On the eve of the commemorations, survivors, many leaning on their children and grandchildren for support, walked through the place where they had been brought in cattle cars and suffered hunger, illness and near death. They said they were there to remember, to share their histories with others, and to make a gesture of defiance toward those who had sought their destruction. As stated in PBS’s, Holocaust Survivors return to Auschwitz, a 94-year-old survivor named Bat-Sheva Daganwas from Lodz, Poland states that his “number was 45,554. [He] did not have a striped uniform as there were too few. [He] was given a Russian soldier’s uniform. [He] had to wear it directly on [his] skin.” He adds that “they tattooed [his] number on [his] arm and it’s just as visible today as it was back then. It was tattooed very well”. Despite their tragic past at Auschwitz, the survivors returned to honor loved ones who had perished during the death camp’s time of operation. 

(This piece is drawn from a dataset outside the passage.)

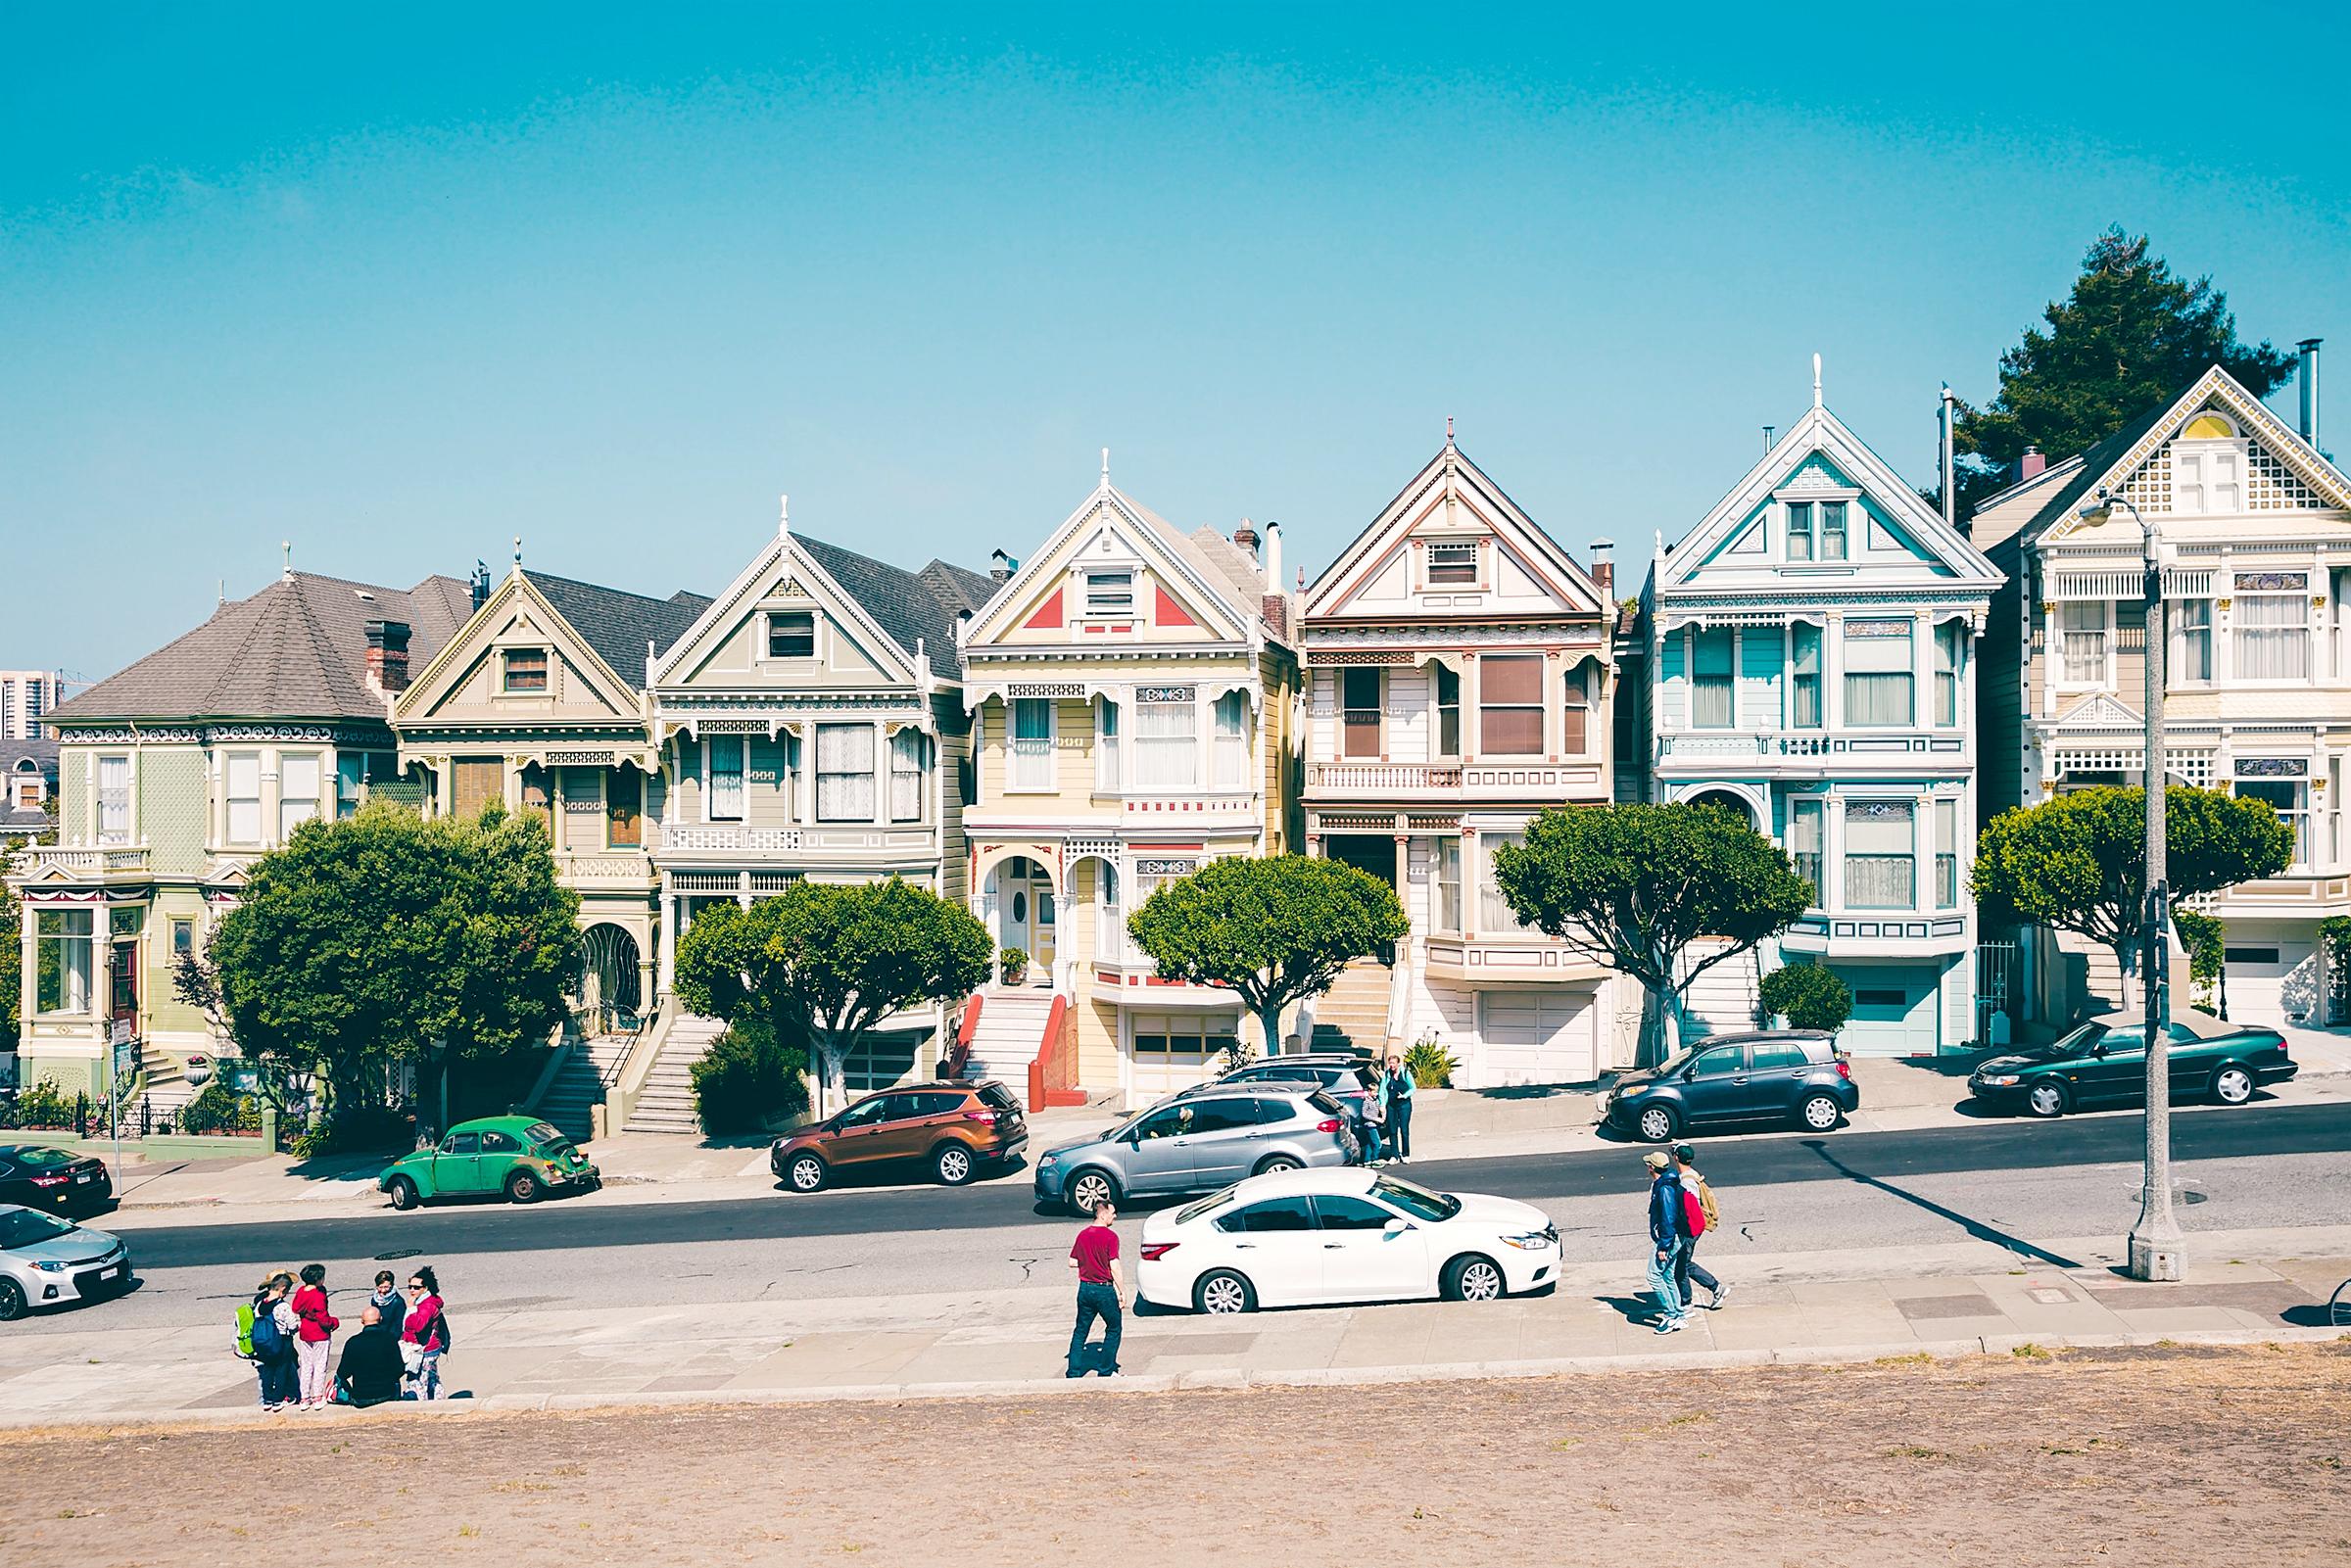 American Express Viaggi San Francisco

Polish President Andrzej Duda and the head of the World Jewish Congress, Ronald Lauder were both scheduled to lead a commemoration for the more than one million people who were murdered at Auschwitz, the vast majority of whom were Jewish. According to ABC New’s, Survivors Return Auschwitz 75 Year Liberation, President Duda said during his address that “it’s been three generations since that day when a few thousand prisoners, victims of cruelty, exhausted by slave-work, hunger, and diseases, lived to see liberation by the soldiers of the Red Army.” Many of the survivors lost parents and grandparents in Auschwitz or other Nazi death camps and some will be saying kaddish, the Jewish prayer for the dead. Some passed away alongside their own children, grandchildren, and even sometimes their great-grandchildren. Ronald Lauder brought the crowd to tears with a story of a survivor who was separated from his family. The man watched his young daughter, in a red coat, walk to her death. She turned into a small red dot in the distance before disappearing forever. In AP’s, Auschwitz survivors warn of rising anti-Semitism 75 years on, during President Duda’s speech, he added that “the magnitude of the crime perpetrated in [Auschwitz] is terrifying, but we must not look away from it and we must never forget it.”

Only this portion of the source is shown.